The descent wasn't like falling—it was like being peeled out of reality.

Kai's scream echoed into silence as the chamber's light swallowed them whole. One second they stood in a ruin of magic and ash, the next, they were floating above a mirror world, suspended in amber, stitched with the threads of forgotten time.

It was Ilyor.

But not the Ilyor they knew.

This one was unmarred, golden-hued. The buildings were intact. Trees bloomed in impossible colors. Children's laughter hung in the wind like windchimes made of joy.

No plague. No curse. No silence.

Just… peace.

"I—Is this an illusion?" Serai whispered, trying to touch the cobblestones. They felt warm, real.

"No," Kai said, voice breaking. "It's the world she wished for."

Anelle's dream.

A world built from longing. From sacrifice.

From everything they'd all destroyed.

Elio's fists were clenched. "Why show us this now?"

A new voice answered.

Not Anelle's.

His.

"Because you've entered my dominion now."
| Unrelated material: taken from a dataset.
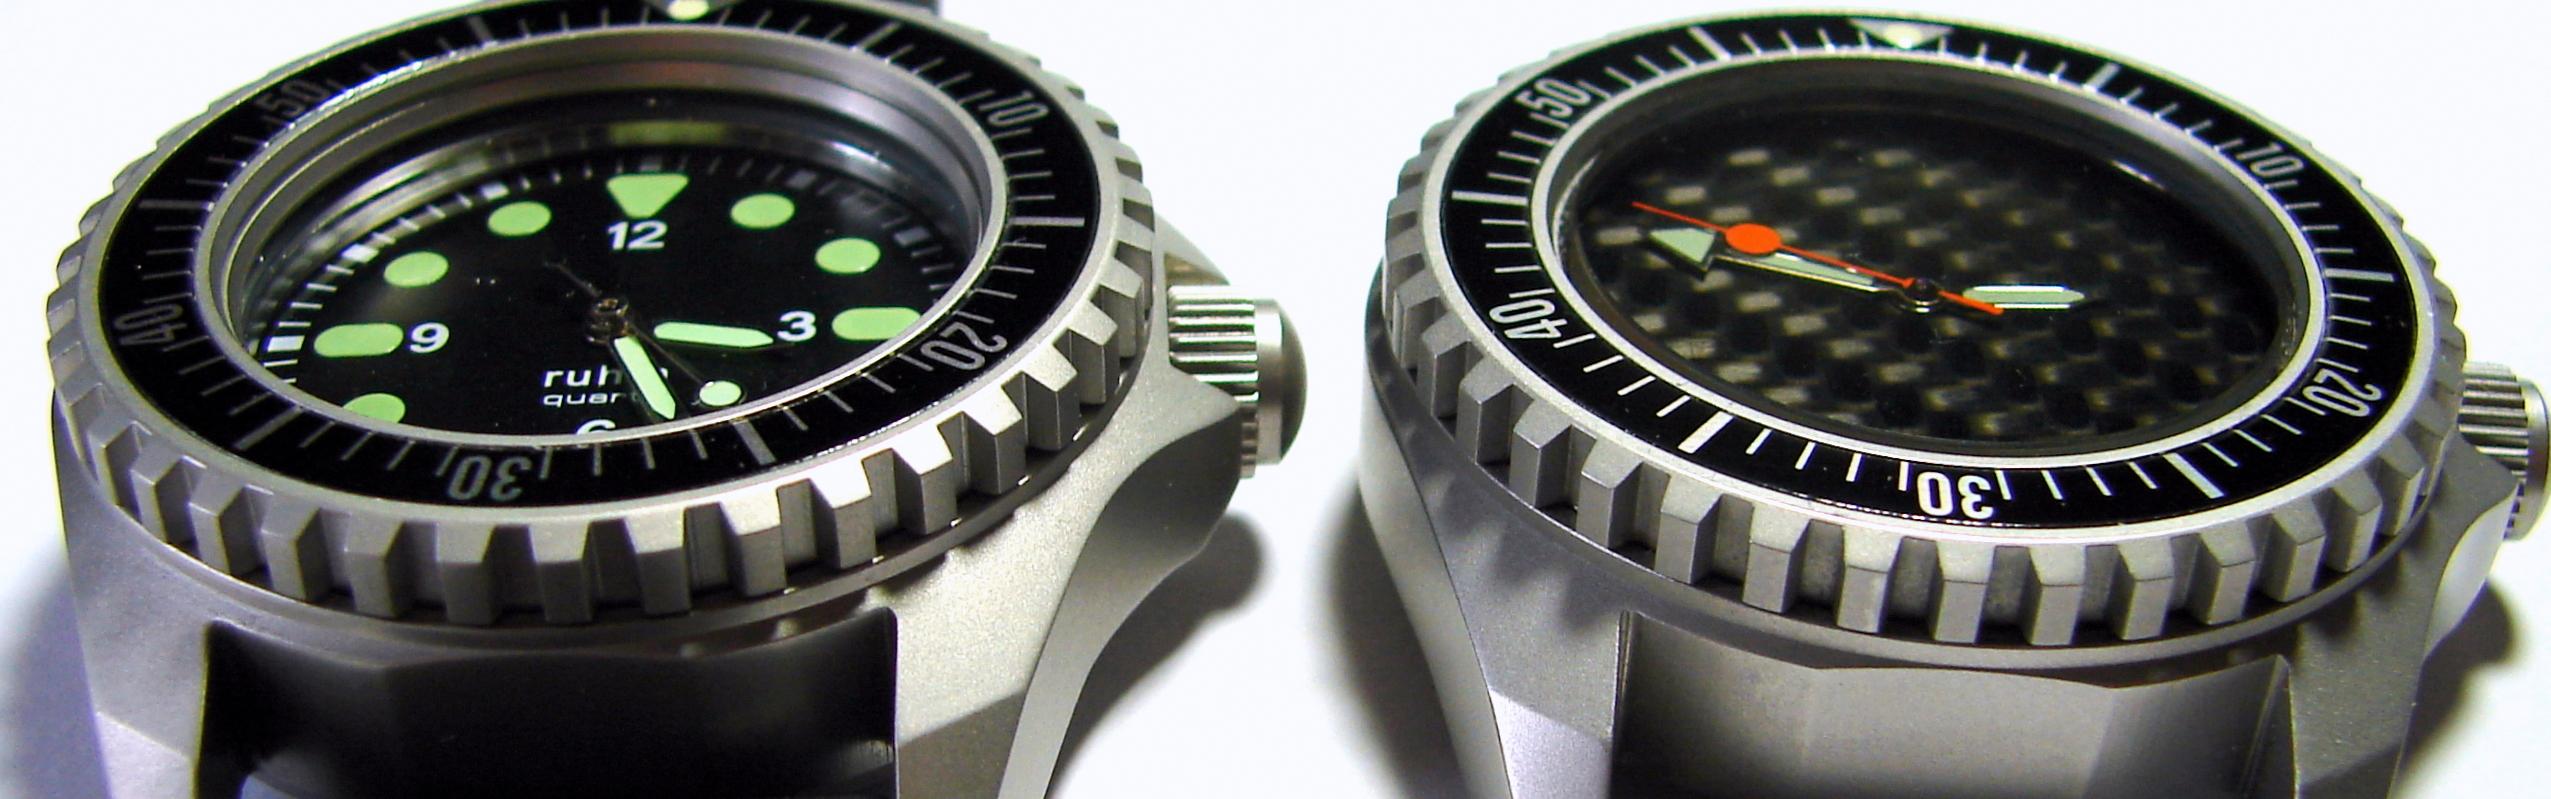 vergleich Replika I gegen LIPORIS Kampfschwimmeruhr mit spezial Doppelglas Design geschützt

He stepped out from behind a rose-laced archway, tall, wrapped in velvet shadows and rings of runes. His eyes were bottomless—like time itself had taken human form.
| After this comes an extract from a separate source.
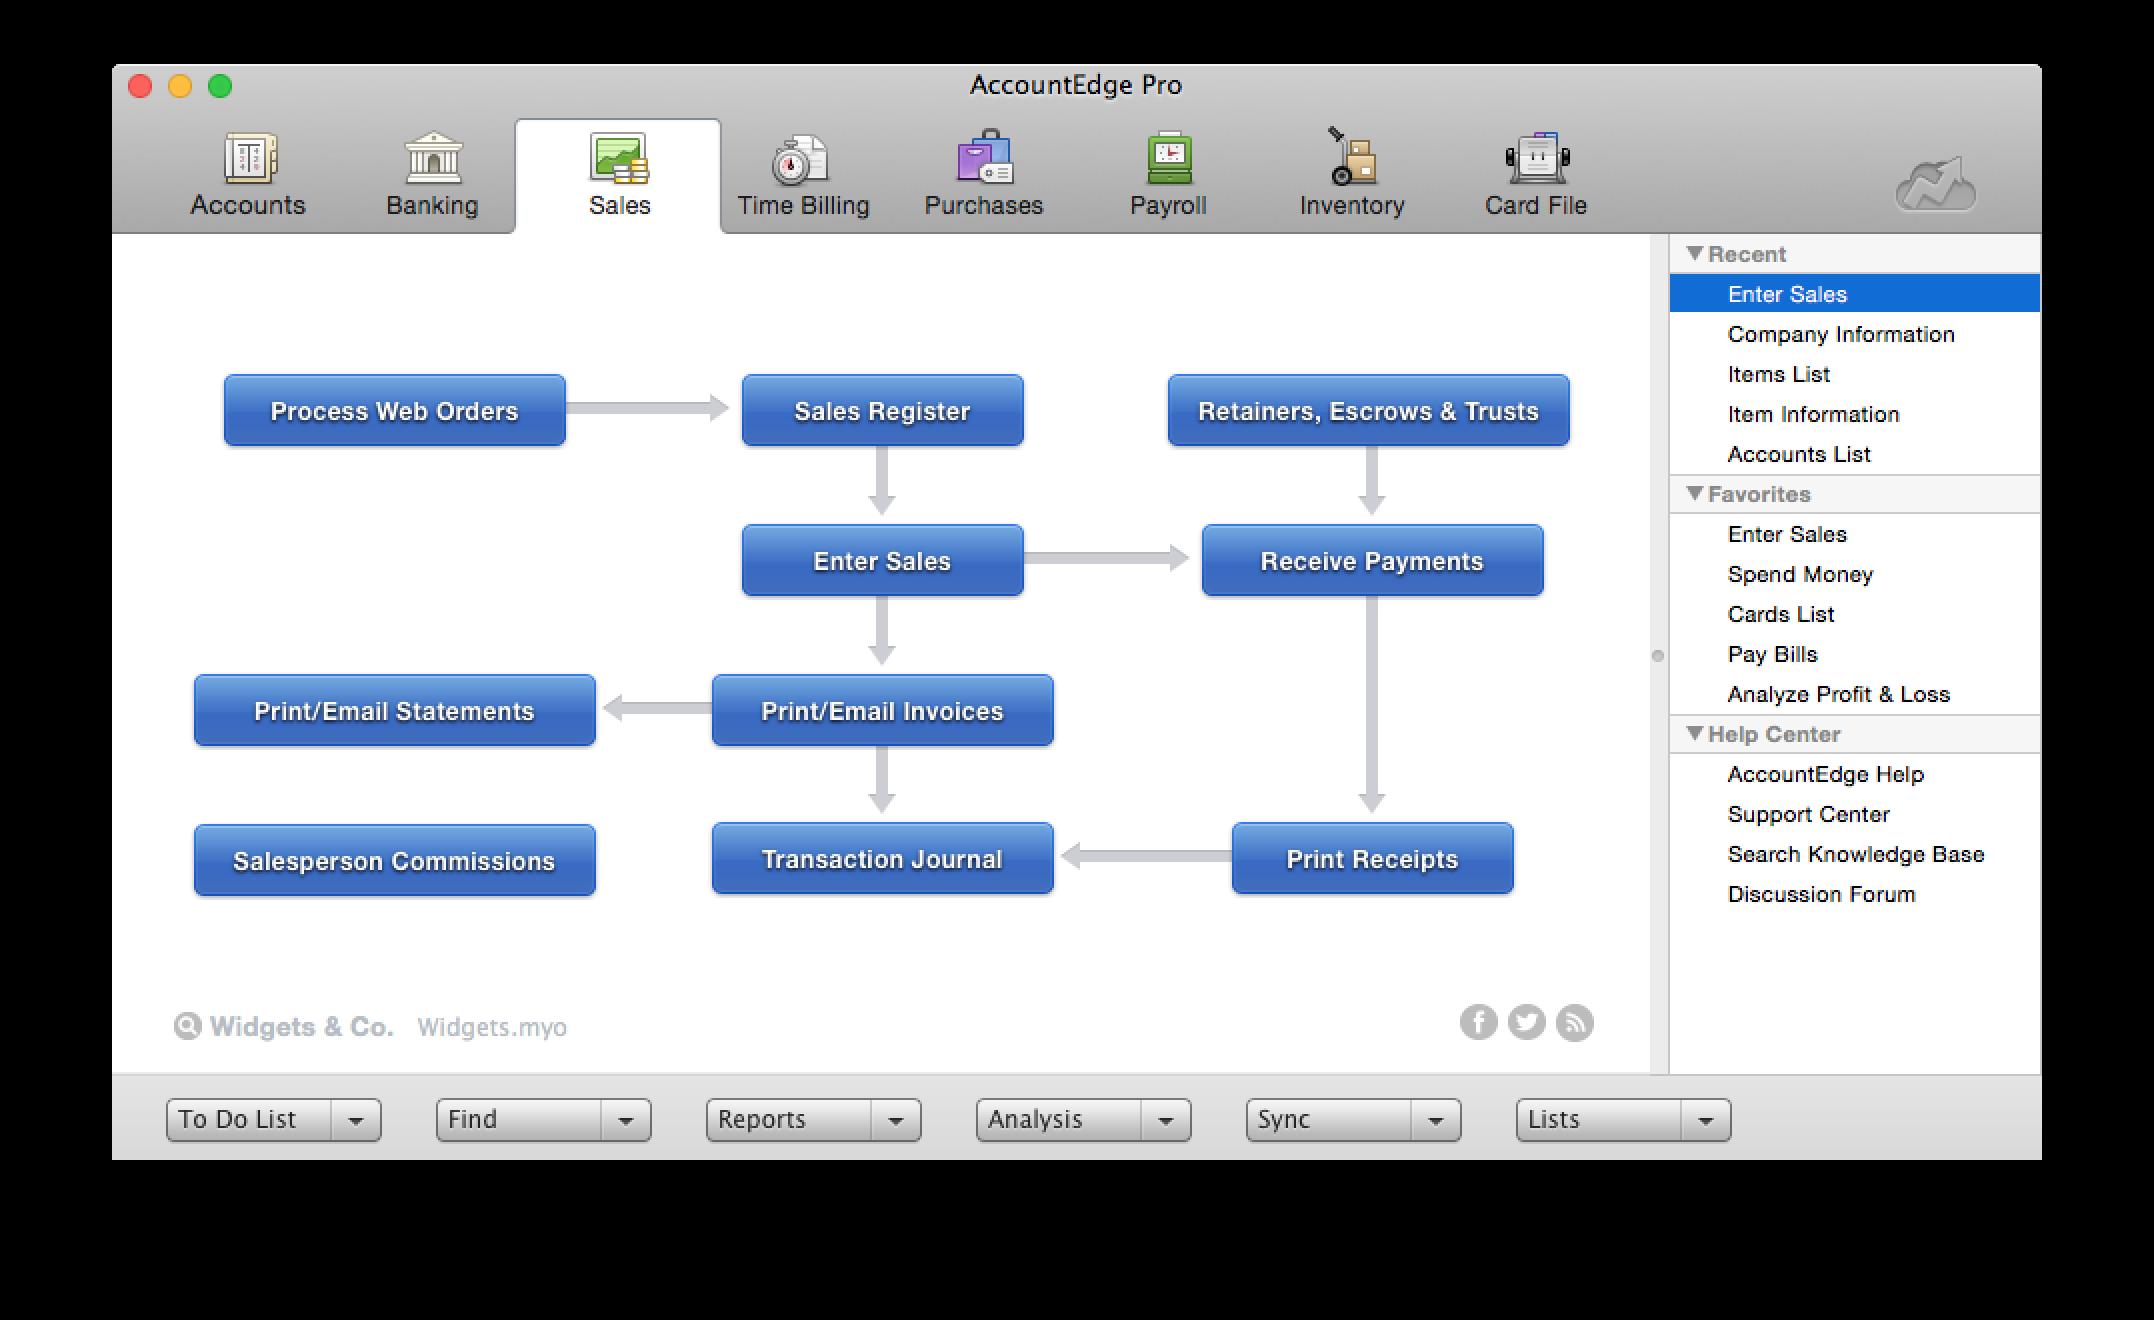 AccountEdge Pro Demo - AccountEdge Sales

"Call me Veyrion," he said.

Kai stiffened. "The first forge-bearer…"

"The first traitor," Serai spat.

Veyrion smiled, sad. "The first believer. I built this world for her, once. Then I watched it crumble."

His hand swept toward the illusion-Ilyor. "She reimagined it better. And now? You're standing inside her grief."

Anelle emerged behind him, quiet, regal, her face unreadable.

"You think you can fix what was broken," she said. "But love isn't a weapon. Or a ritual. Or a sacrifice."

"It's a mirror," Veyrion finished. "And all of you cracked it."

Kai stepped forward. "Then let us mend it. Whatever it takes."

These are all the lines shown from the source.